The Potential Theory Of Power

Introduction:

We know that the rate at which an object works is called ability. To determine the power of an object we use the equation P = W ÷ t. If we know the momentum, mass and working time of an object, we can determine the power of the object.

Abstract: 

The rate of object’s work is called power. Here we will discuss about the relationship between object’s momentum, mass and working time. 

Method: 

We know that- v²=u²+2as

                     Or, v²= 2as          [u=0]

                     Or, 2as= v²          [Transforms]

                     Or, as= v²÷2.       [Transforms]

                    So, as= v²÷2__________(i)

Again, We know that- P=W÷t

                              Or, P= mas÷t

                              Or, P= (mv²÷2)×(1÷t)

                              Or, P= mv²÷2t

                              So, P= mv²÷2t

                                       = m²v²÷2mt 

                                       = (mv)²÷2mt

                                       = p²÷2mt.     [p=mv]

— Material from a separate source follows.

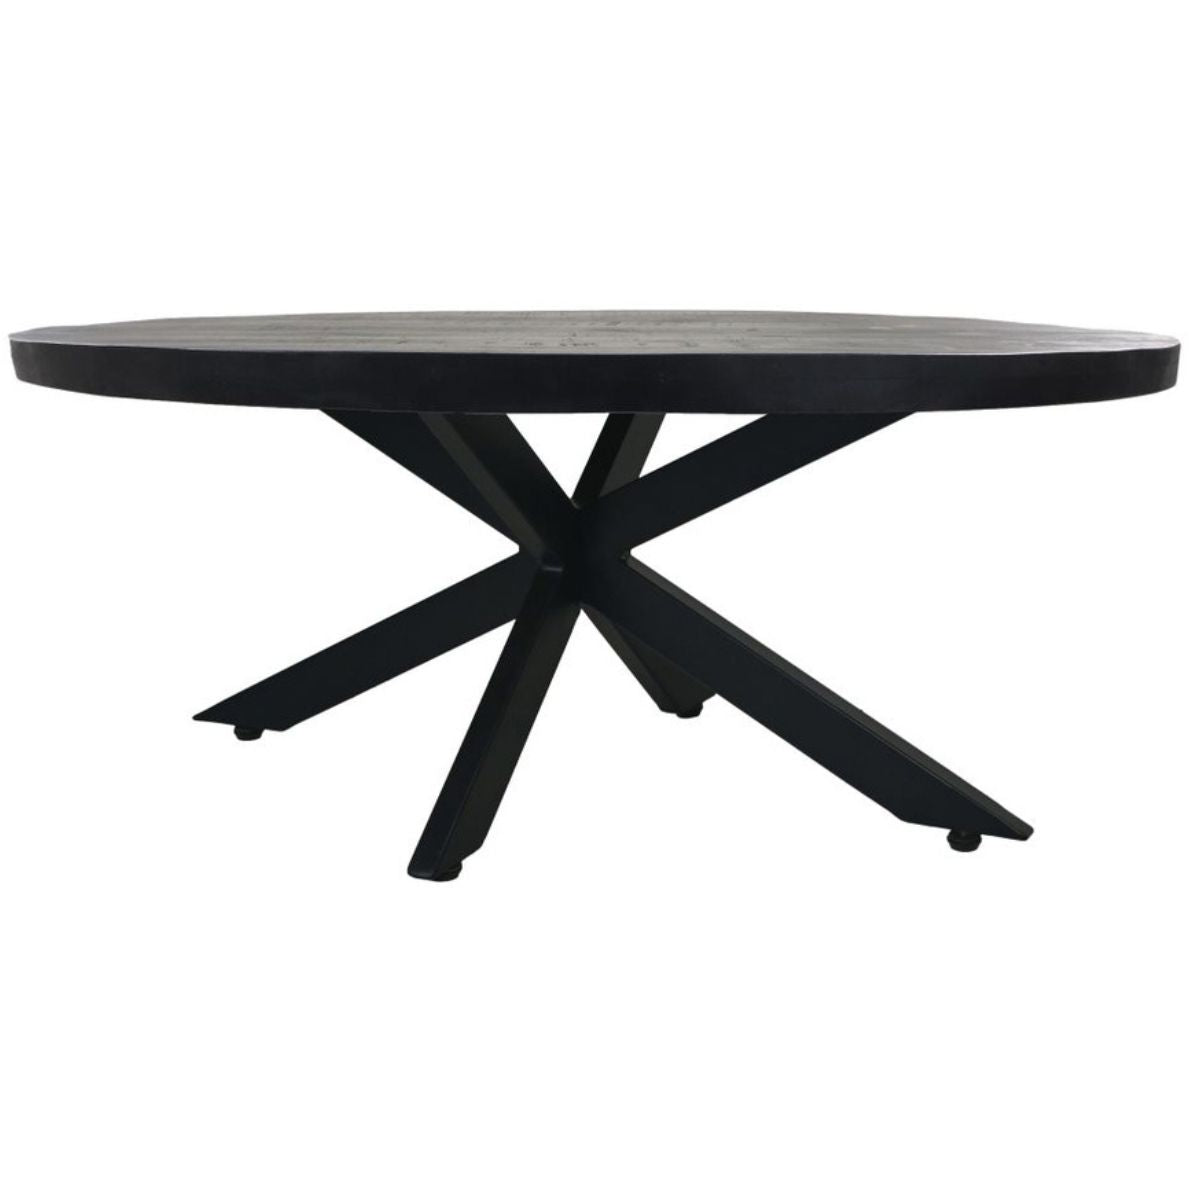 Elegant en stoer design: zwart mangohout, geschraapt tafelblad, ideaal voor moderne woonstijlen.
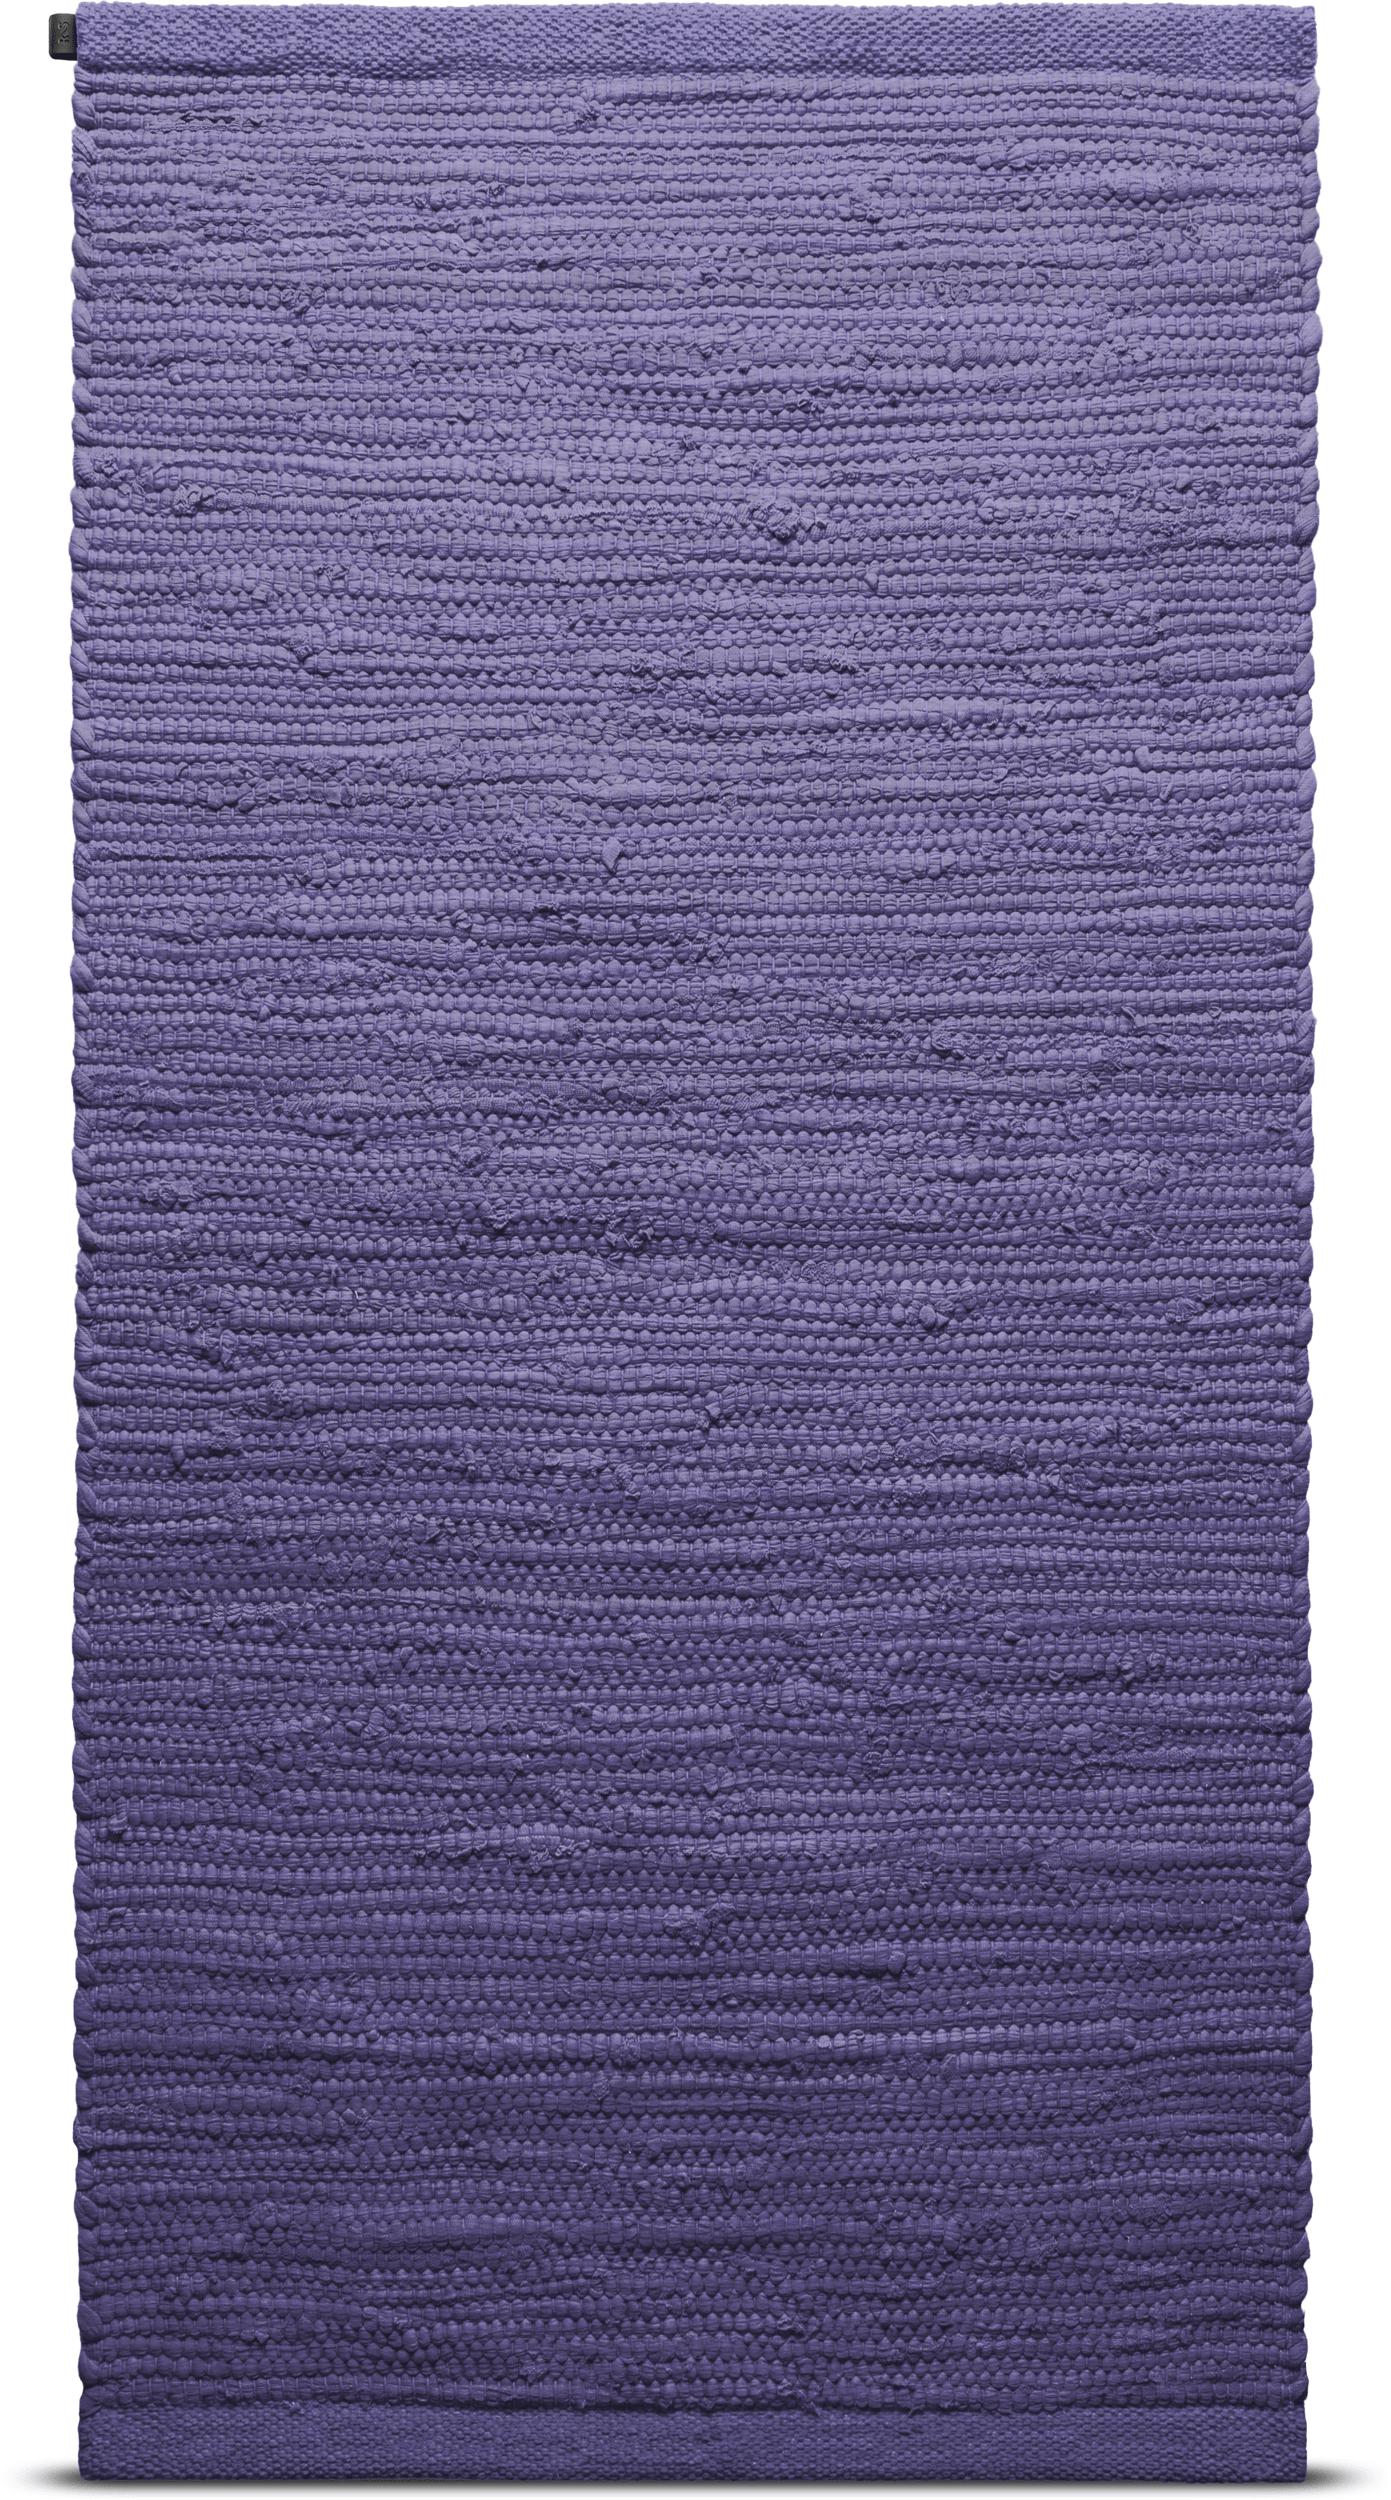 Tappeto in cotone solido 65 x 135 cm, elettrico

                  So, P= p²÷2mt__________(ii)

If p= 2p then-

               P'= (2p)²÷2mt

                  = 4p²÷2mt

P'÷P= (4p²÷2mt)÷(p²÷2mt)

       = (4p²÷2mt)×(2mt÷p²)

       = 4

So, P'= 4P

If p= ½p then-

               P’= (½p)²÷2mt

                  = ¼p²÷2mt

                  = p²÷8mt

P'÷P= (p²÷8mt)÷(p²÷2mt)

       = (p²÷8mt)÷(2mt÷p²)

       = ¼

So, P=¼P

If the square value of the momentum of an object increases, then the value of the power of the object increases proportionally. If the square value of the momentum of an object decreases, then the value of the power of the object decreases proportionally.

So, p²∞P_______(iii)

If mt= 2mt then-

   P'= p²÷2(2mt)

      = p²÷4mt

So, P'÷P= p²÷4mt ÷ p²÷2mt

              = p²÷4mt × 2mt÷p²

              = ½

So, P'= ½P

Again, If mt= ½mt then-

   P'= p²÷2(½mt)

      = p²÷mt 

So, P'÷P= p²÷mt ÷ p²÷2mt

              = p²÷mt × 2mt÷p²

              = 2

So, P'=½P

If the value of object’s mass and time increases, the value of the power of that object decreases. Again, the value of object’s mass and time decreases, the value of power of that object increases. 

So, P∞1÷mt________(iv)

The graph of iii no. equation- 

The graph of iv no. equation- 

From iii and iv no. equation- 

        p²∞P_______(iii)

        P∞1÷mt________(iv)

So, P∞p²×1÷mt

Or, P∞p²÷mt

Or, P=kp²÷mt

So, P=kp²÷mt________(v)

From ii number equation, we get- P= p²÷2mt

So, k= ½

Result: 

So, we can say that- 

The value of object’s power is proportional to the square value of the momentum of that object and disproportional to the value of its mass and time.

Conditions of this law: 

There are some conditions of this law. They are-

i) The object should be a moving object. 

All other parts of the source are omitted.